Given the focus of this study, another relevant element in the conceptualization of arguing behaviors is the conceptual vocabulary of the Romanian language. In Romanian, "to argue" has different translations: 1) to quarrel, which is a negative exchange characterized by loud voices, tension, and emotional outbursts, and 2) to debate or discuss something, which involves an intellectual exchange of reasons and explanations, civility, and persuasion. Therefore, participants in each culture were asked to report on a specific type of argument a quarrel or a debate/discussion.

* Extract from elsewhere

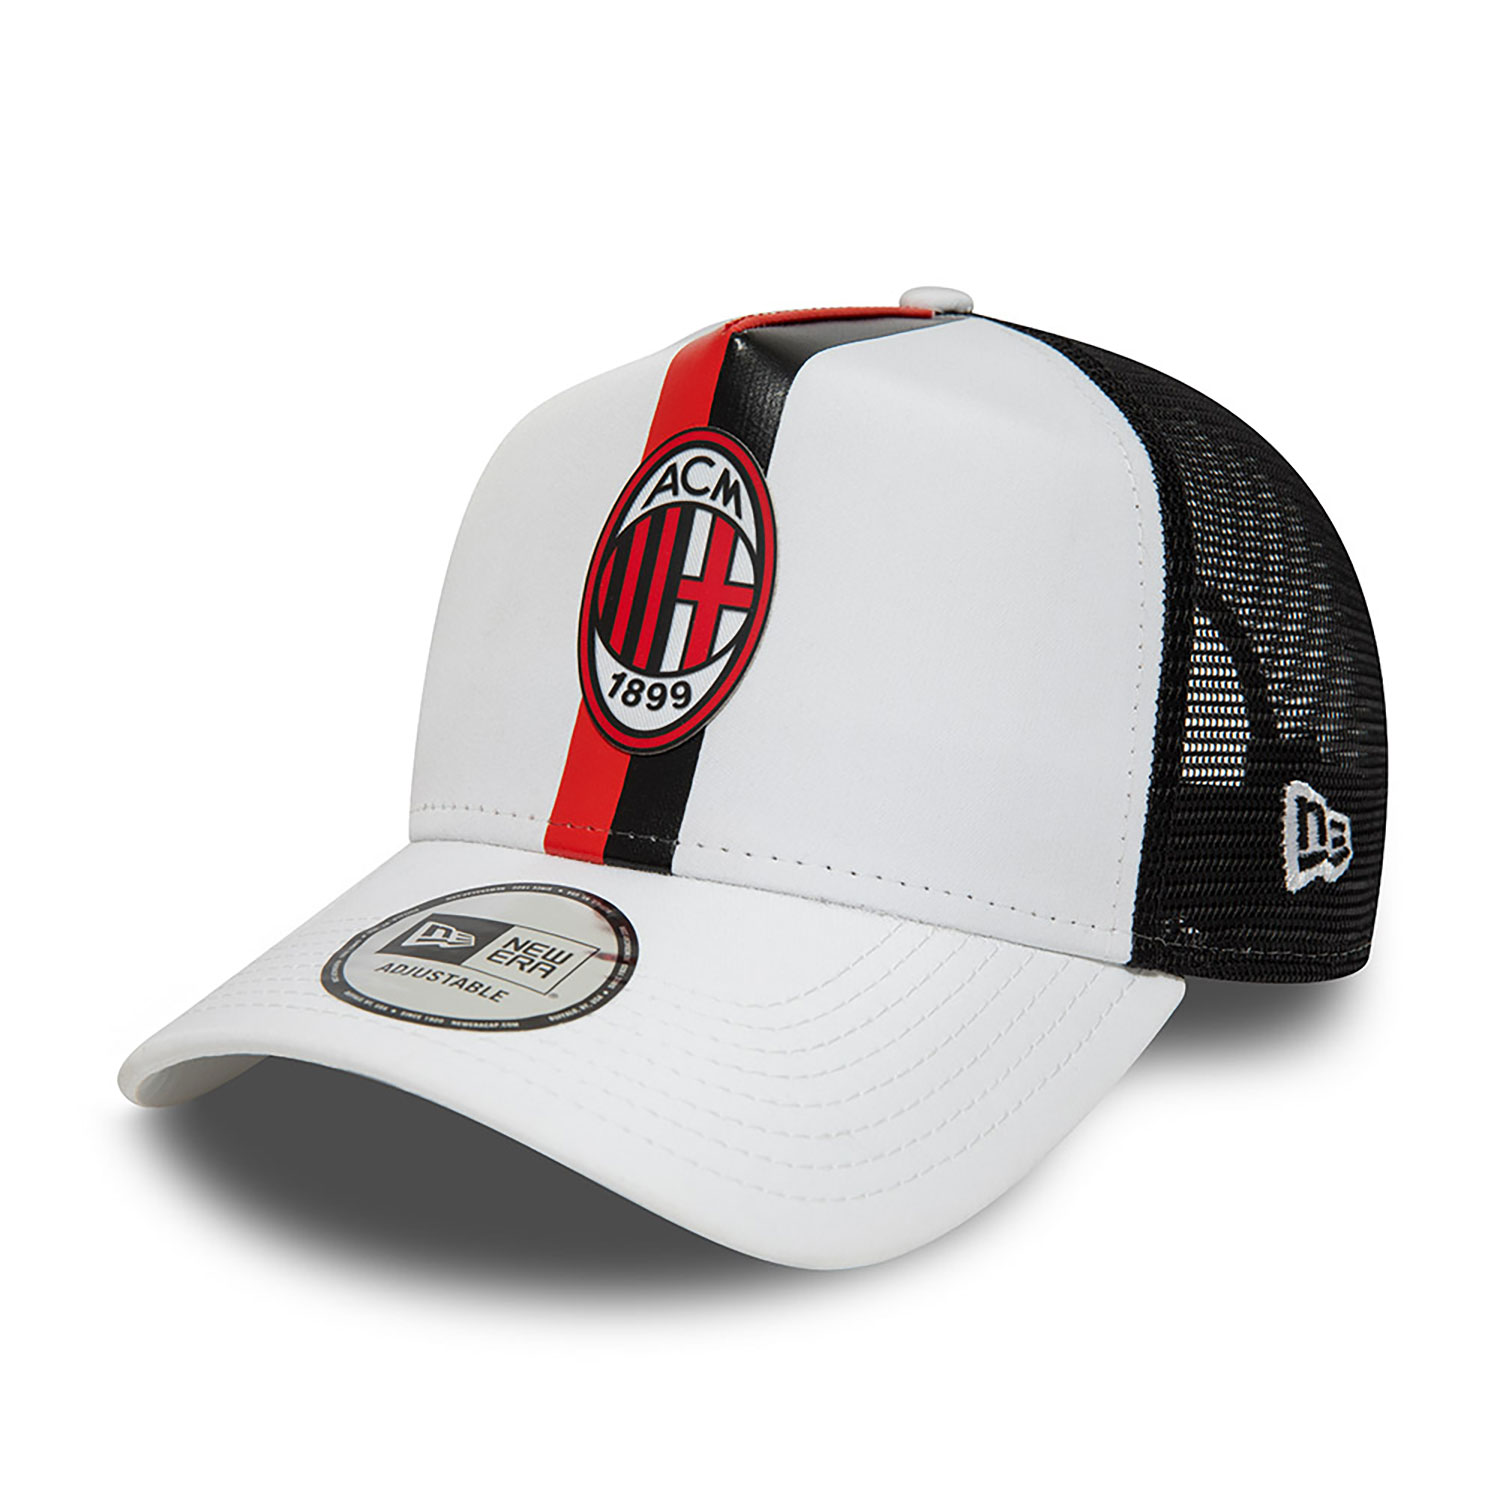 Voorlopige naam Verrast zijn voordeel New Era x AC Milan Trucker Cap With Logo D02_690 | New Era Cap CZ

ARGUING BEHAVIORS IN ROMANIA AND THE UNITED STATES

The two cultures selected for comparison were convenient and different, yet these differences ought to affect the content of arguing behaviors, not the very existence of arguing in interpersonal exchanges. In other words, the structuration of arguing as a social practice ought to permit arguments among members of both cultures; individuals ought to rely on cultural rules and resources for enacting and reinforcing the structure each culture has created for arguing.

There are also cultural and sociological reasons that make these cultures interesting cases for analysis. These reasons affect the available resources on which individuals will rely while arguing, which may lead to different instantiations of argument structures. From a cultural standpoint, the U.S. is an individualistic culture, relatively masculine and with a moderate to low power distance index (Hofstede, Hofstede, & Minkov, 2010). Romania is a relatively collectivistic culture, moderately masculine, and with a high power distance index...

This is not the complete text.